Data below:
*** Begin section ***

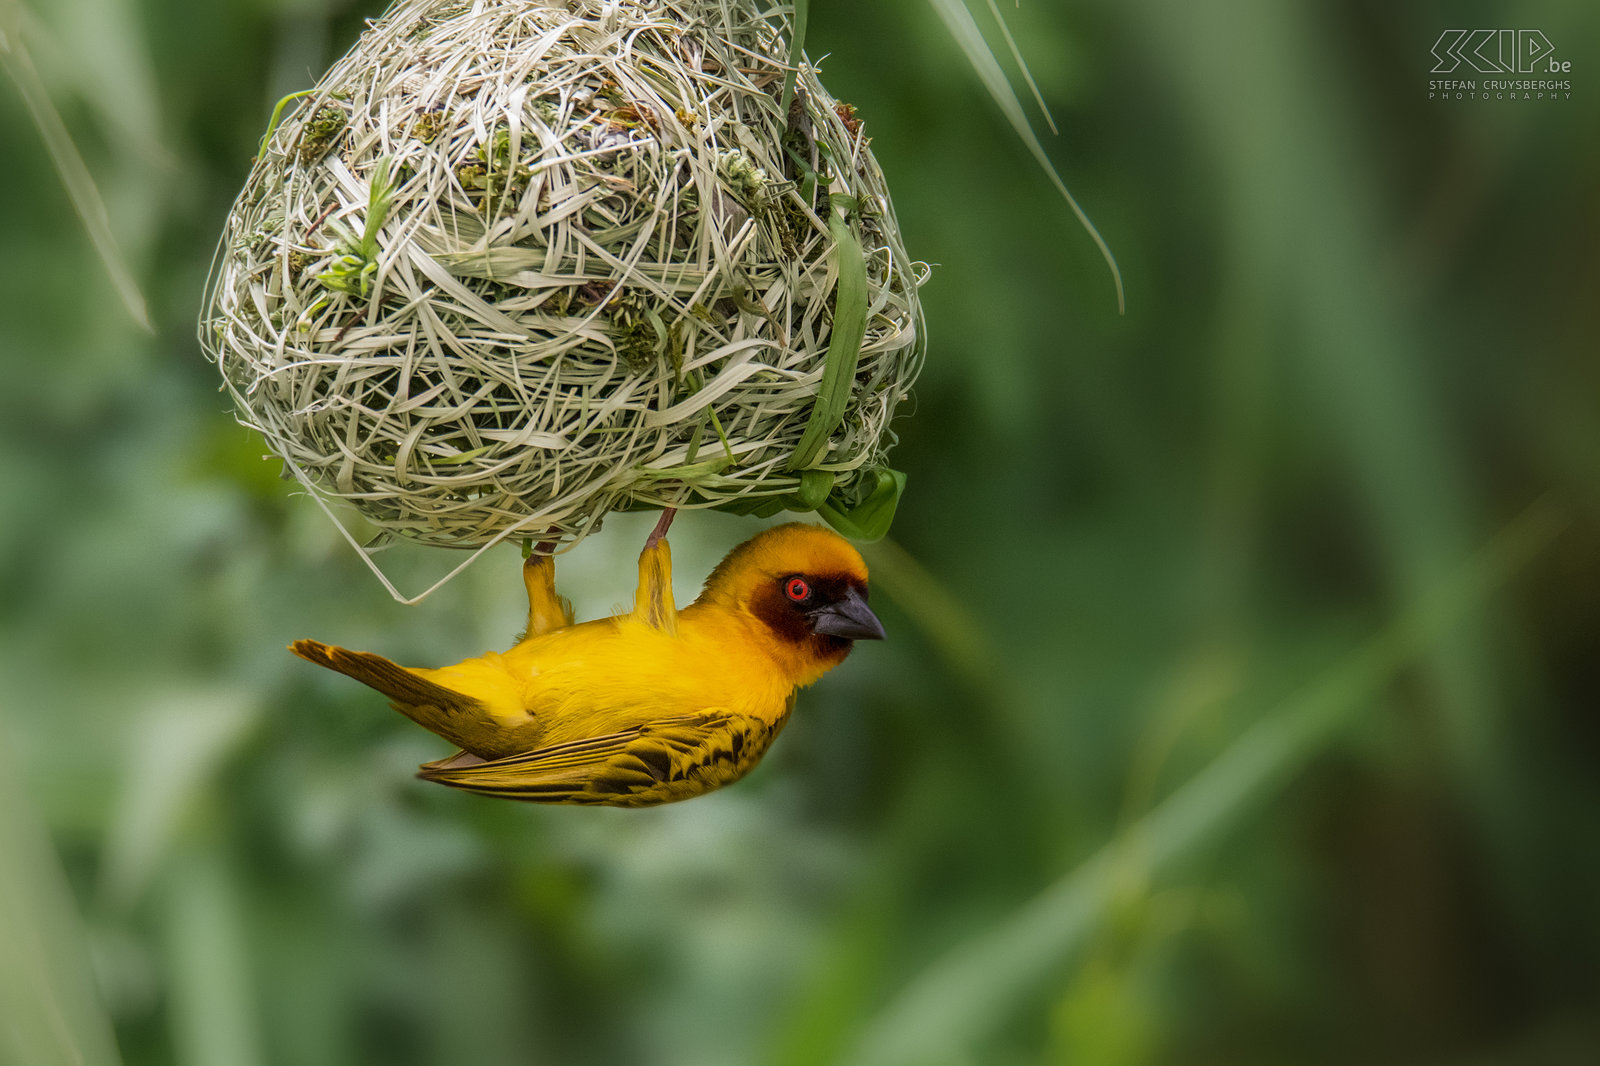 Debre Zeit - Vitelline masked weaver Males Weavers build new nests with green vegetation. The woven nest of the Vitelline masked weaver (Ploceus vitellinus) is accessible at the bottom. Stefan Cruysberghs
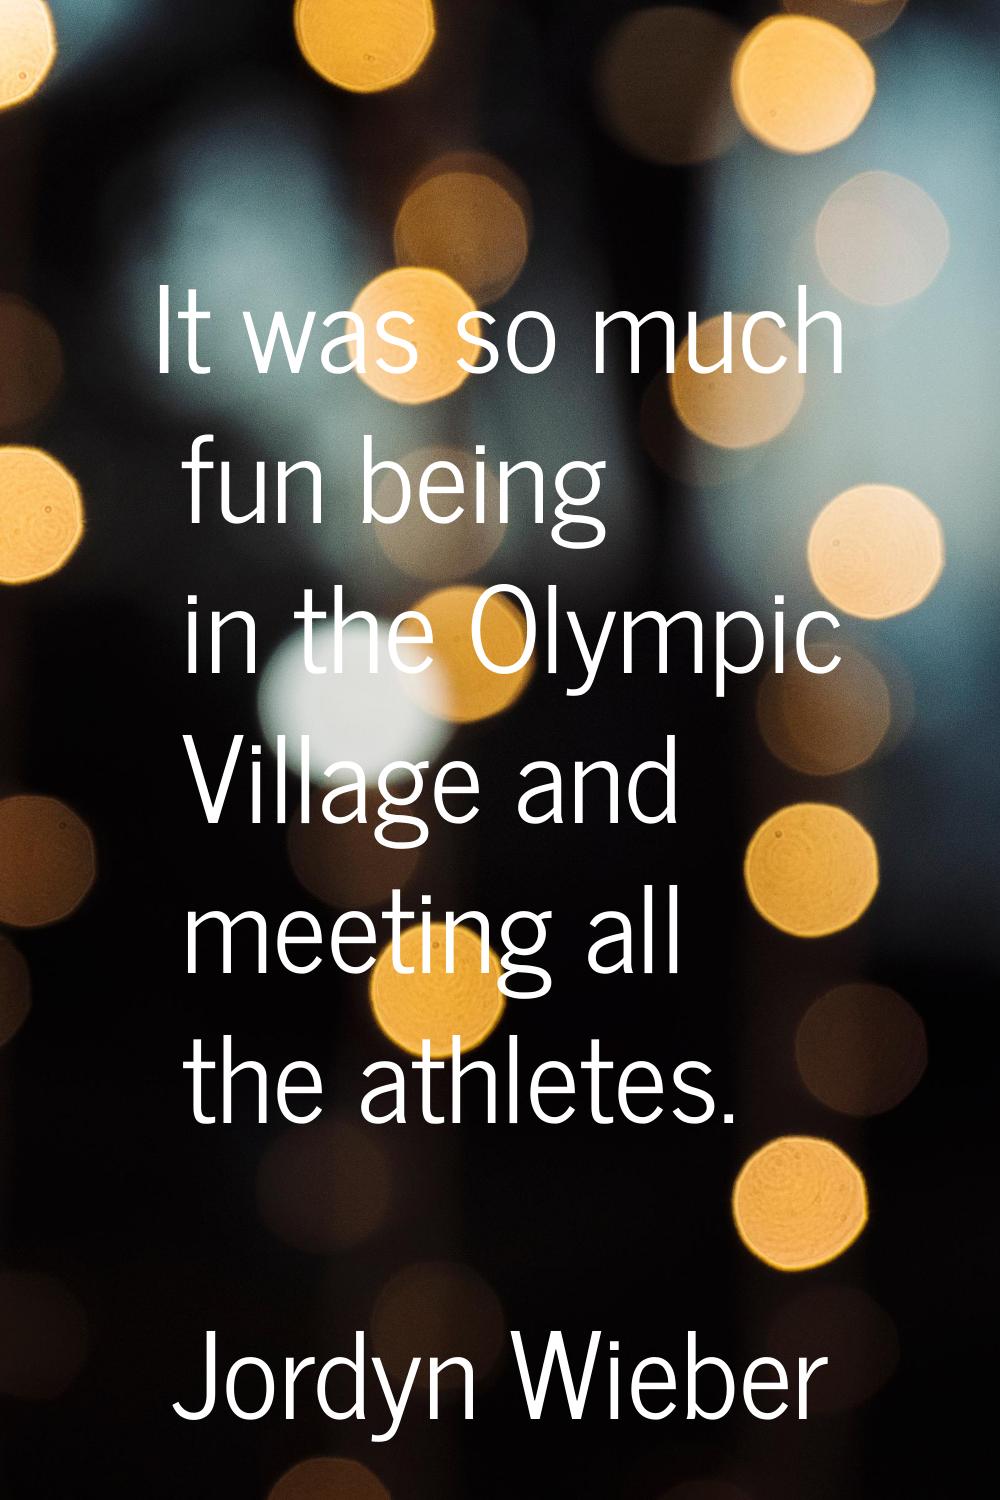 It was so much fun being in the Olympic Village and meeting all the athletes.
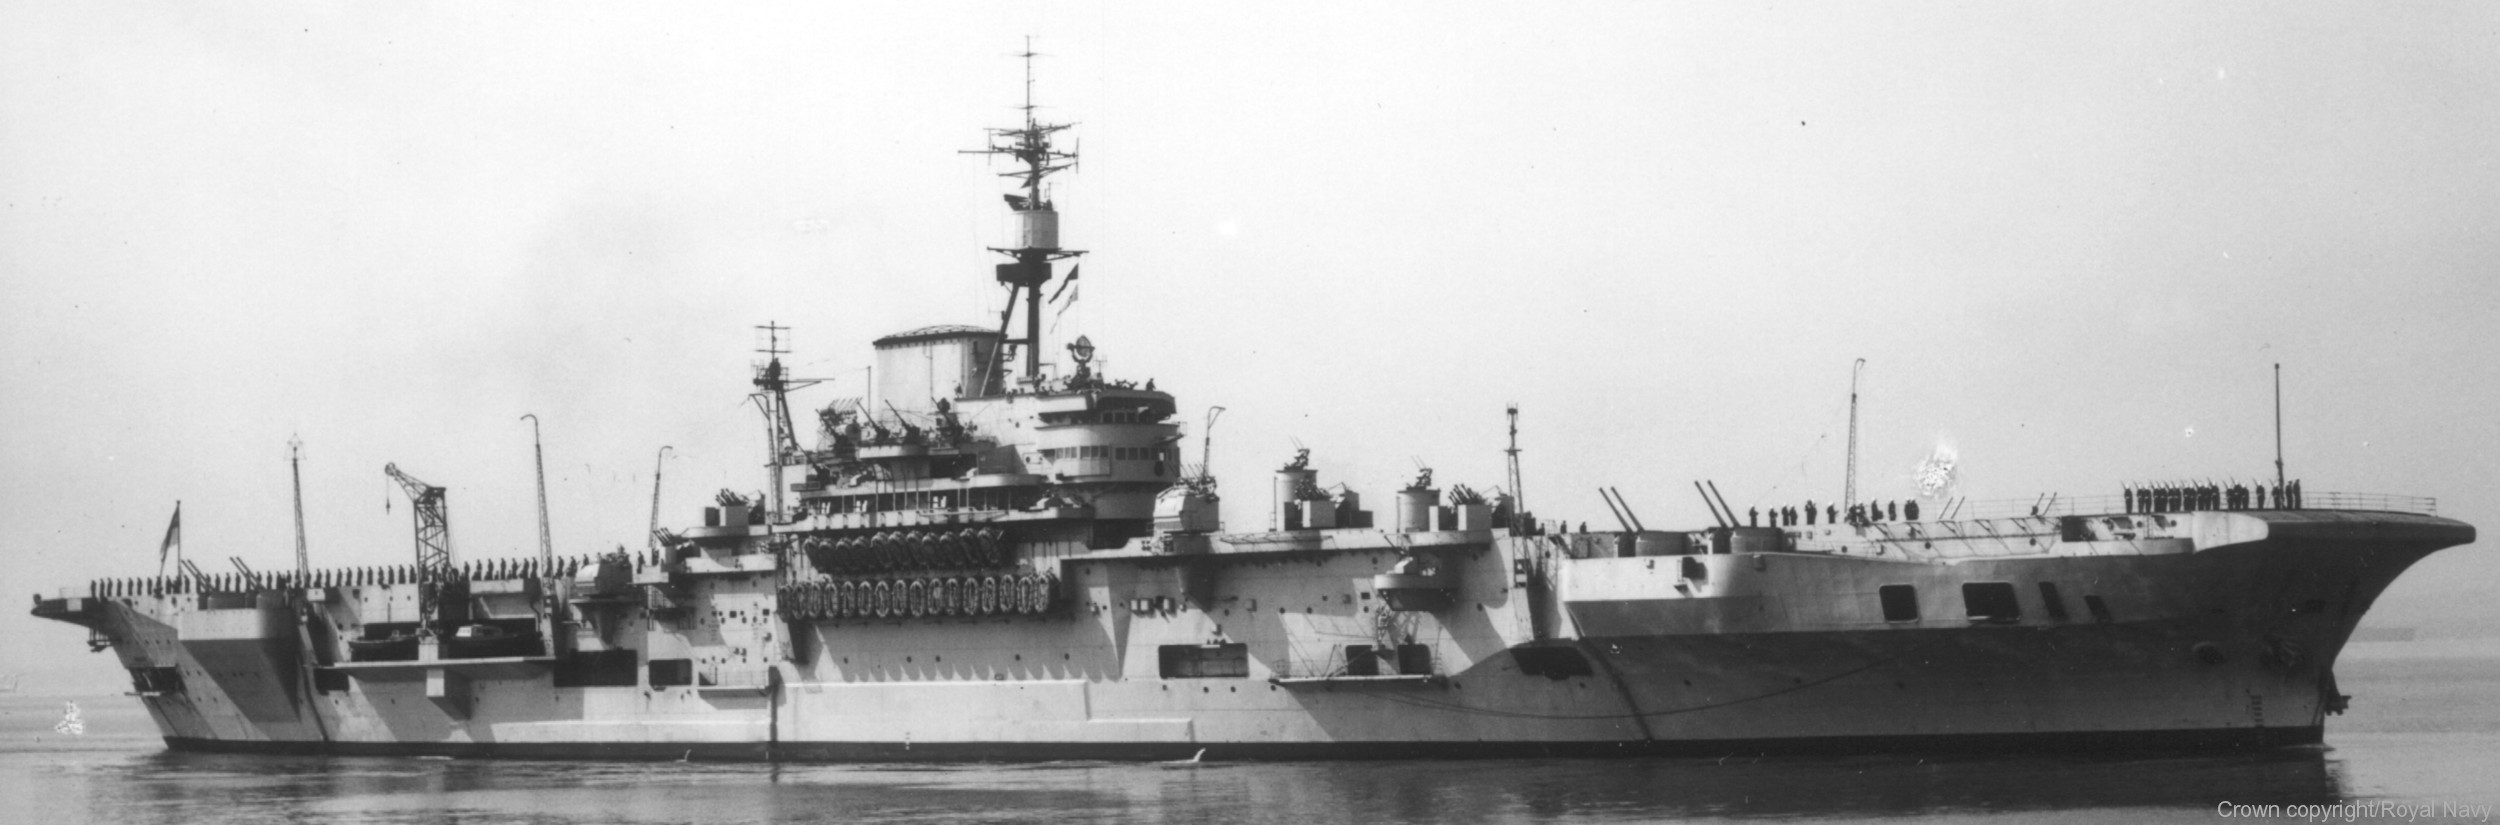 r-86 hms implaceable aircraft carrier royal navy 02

*** End section ***

Exercise brief: Begin at the line containing "It was so much" and restate exactly every line through the end of the material, skipping the pictures.

Problem solution:
 It was so much fun being in the Olympic Village and meeting all the athletes.
 r-86 hms implaceable aircraft carrier royal navy 02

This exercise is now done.